So, this monsoon, it's raining IPOs! In August, we welcomed eight new IPOs and witnessed the whopping listing of another two. And one thing investors can’t stop talking about is GMP! Let's deep dive into what GMP is in time lesser than what your instant noodles would otherwise take.
A quick brief on IPO:
For the uninitiated, IPO stands for Initial Public Offering. When a privately held company offers its shares to the investors in the market (called primary market) for the very first time, it is said to have offered an IPO. It means that hereafter the company’s shares would be tradable in the secondary market (stock market).
Now, spare a few seconds to understand IPO Issue Price and IPO Listing Price.
IPO Issue Price is the one at which the company’s shares are offered to the investors. It can be either a Fixed Issue Price or Book-Building issue price (a price range).
IPO Listing Price is the one at which the shares open on the listing day taking the demand-supply factors and the general market sentiments into consideration. An investor buys the shares at the issue price with the hope of making a profit by a higher listing price. When the issue price is greater than the listing price, IPO is called to be listed at a DISCOUNT. And when the former is lesser than the latter, it is called to be listed at PREMIUM. And this is where the concept of GMP comes into play!
A peep into GMP:
GMP stands for Grey Market Premium. It is an estimated price on which the shares are likely to be listed on the stock exchanges (NSE & BSE). It reflects an EXTRA price that a buyer is willing to pay to grab a share in the grey market, owing to its high demand and its future potential.
In simpler terms, it is the price at which traders bid and offer for the hitherto unlisted securities (in the form of IPO applications), in the period between the IPO issue date to the allotment date. All this happens but in GREY MARKET!
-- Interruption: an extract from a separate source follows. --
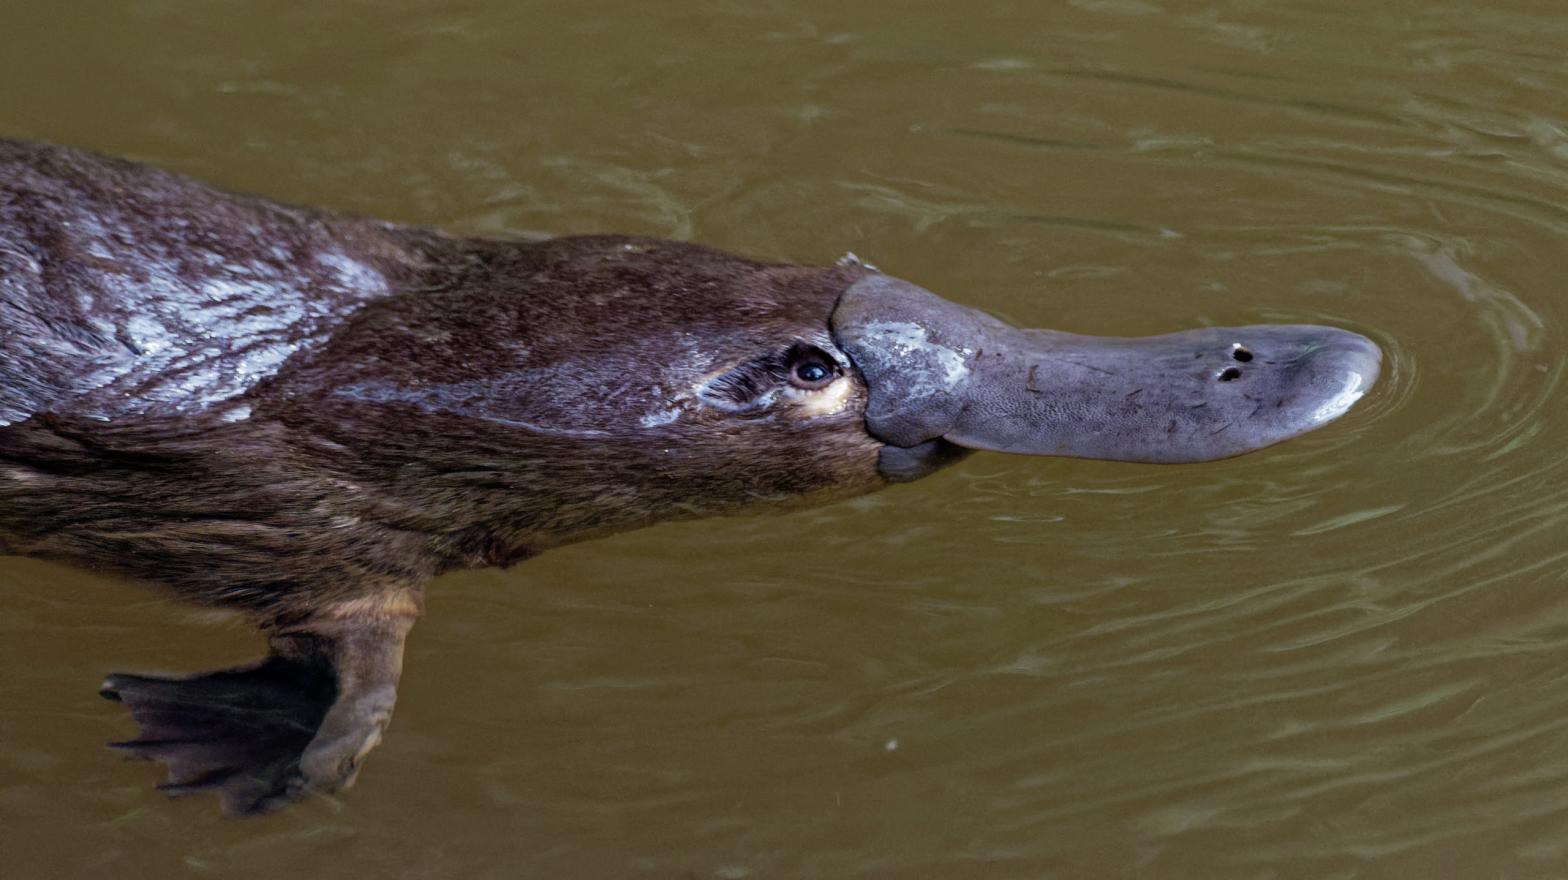 A duck-billed platypus. (Photo: Martin Pelanek, Shutterstock)

It is ‘Grey Market’ because it is unofficial, though not illegal, and not regulated by SEBI. Here, trades happen within a tight-knit trustworthy group. But mind it, this is not for us! Market participants indulge in grey market trades to either pile up or clear the shelves if they feel that the shares would be risky and wouldn’t keep by their expectations on the listing date.
This entire phenomenon affects their overall demand-supply dynamics in the following way:
The higher the demand for shares, the higher the additional price investors are willing to pay i.e. Higher GMP.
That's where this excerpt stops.